Who decides what we control in our homes?


(H Guess) #1

There is a rumor that states that Amazon Echo will not have control over our smart locks due to fear of unauthorized person(s) gaining entry to our homes. Does anyone know if this rumor has any truth to it?

I can’t speak for everyone but I personally don’t keep my windows open with my Amazon Echo on the window sill :wink:. Not to mention this is a function that would be used only when the owner is home since that is where the Echo is located in the first place :blush: and if by some odd chance that there is a person yelling at the top of their lungs “Alexia unlock the front door!” …

…nuff said lol. :grin::grin::grin:


(Geko) #2

There’s nothing to stop you from doing it indirectly, via “Hello, Home” actions.


(H Guess) #3

Hi geko,

Yes I know that


(H Guess) #4

Hi geko, my iPod is acting up. It posted before I was finished. I would like to have it working through the Amazon Echo. I have a few projects I’m working on time is limited. It’s already almost an hour past my bedtime lol. Thank you for your reply. Good night!


(Ron S) #5

In my home, it is always the missus who decides! :wink:


#6

I’m not following your argument that "this is a function that would only be used when the owner is home "because the whole point is that if the owner has gone off to work, there’s nothing to stop a stranger from walking up to the door of the empty house and yelling “Alexa, open the door.” Unless you’re assuming the owner will turn it go off every time they leave the house. But I don’t think most people do that.

Beyond that, I can think of plenty of people who wouldn’t want a stranger to be able to unlock the door when the homeowner is home. Just depends on your neighborhood, and your personal situation.

Apple has said that Siri for homekit will not be able to unlock doors.
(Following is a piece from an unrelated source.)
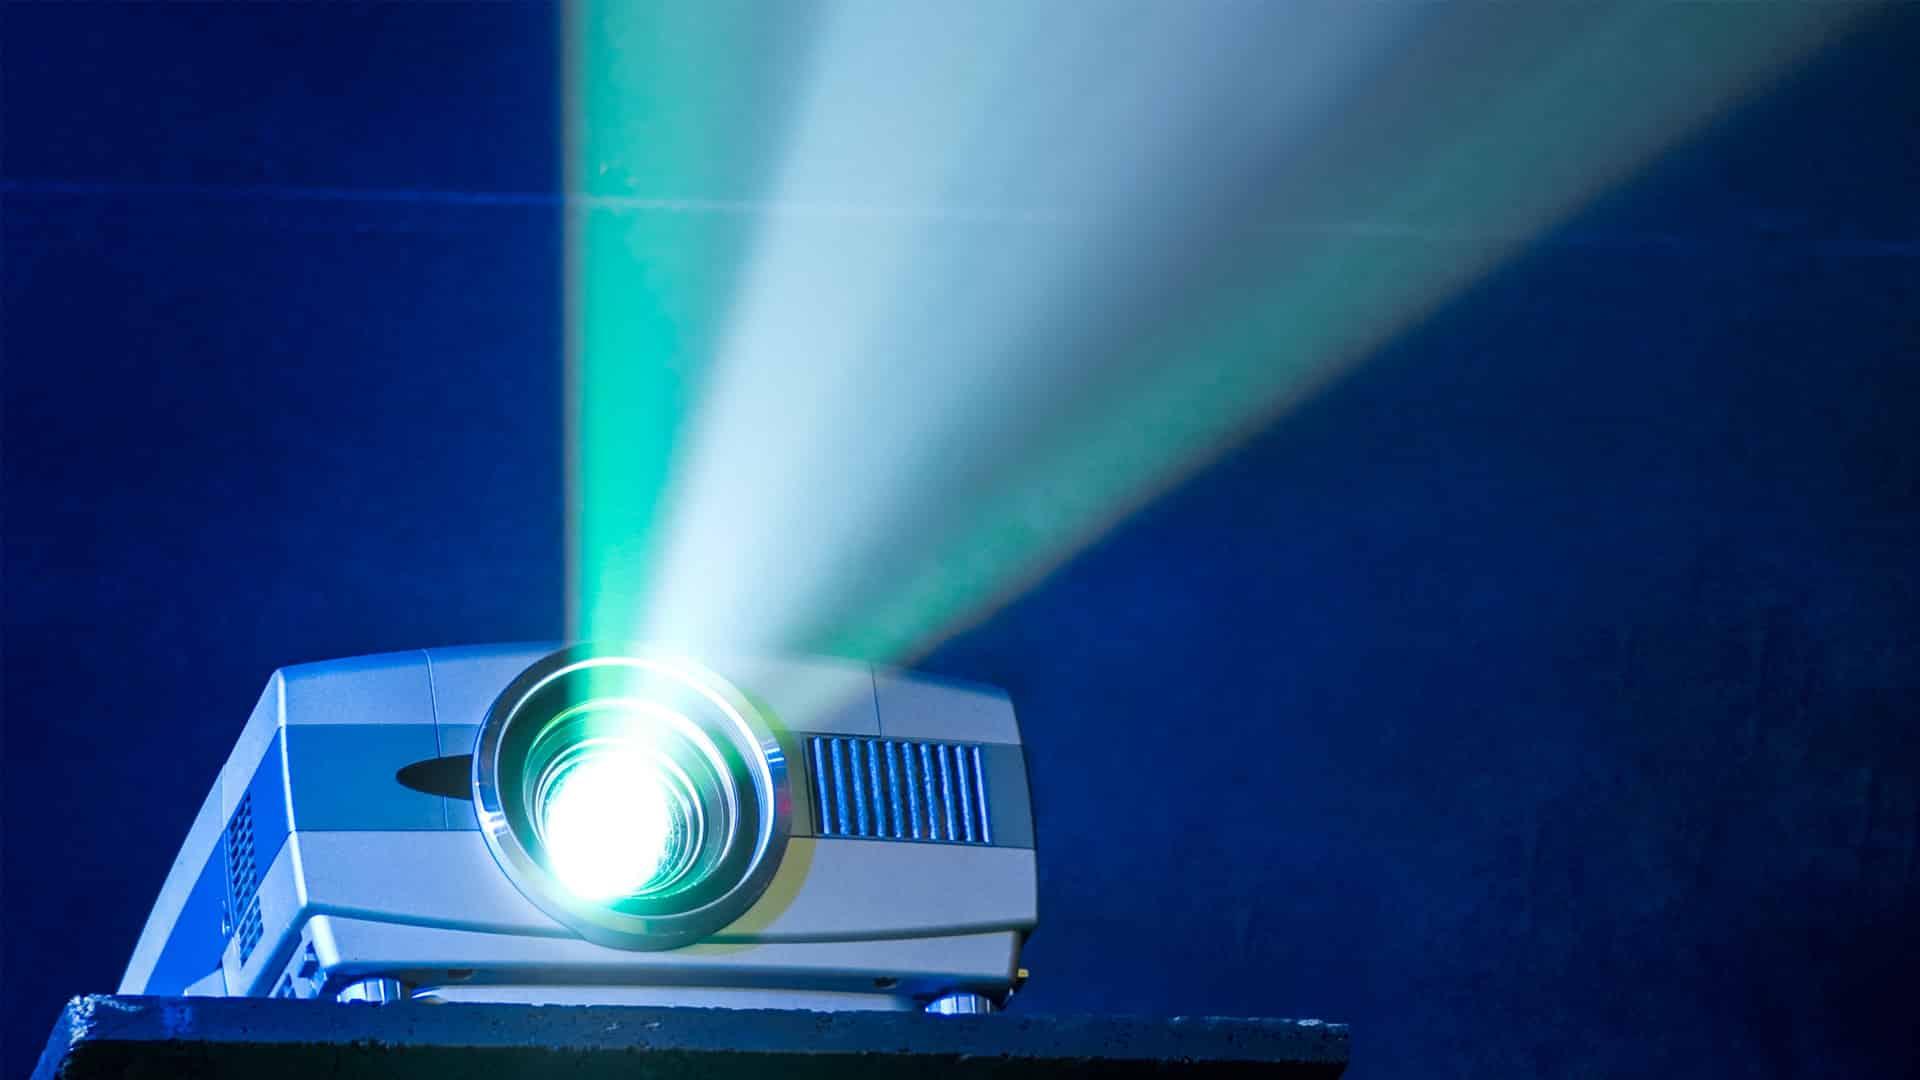 High-Tech Best Portable Projectors

I haven’t heard rumors one way or the other for echo.


(Amauri Viguera) #7

Yeah I think a lot of people figure break-ins are bad, but they can quickly escalate into much worse when there are people home and it turns into a home invasion.

There’s a ton of liability behind what functionality you allow these things to have, and I think both Amazon and ST are positioning themselves as “miiddleware” and you are ultimately responsible for what you do with the capabilities.

I think it’s a terrible idea to have an internet-connected lock, but the benefits are clear. I think it’s an even worse idea to have an internet-connected, voice activated lock, but for some people the convenience outweigh the potential caveats.

Either way, we live in a very litigious world, and I’m sure both the Amazon and the ST folks think long and hard about advertising that capability, because people would love to set things up and sue when they get robbed, saying that they shouldn’t have been allowed to use that feature.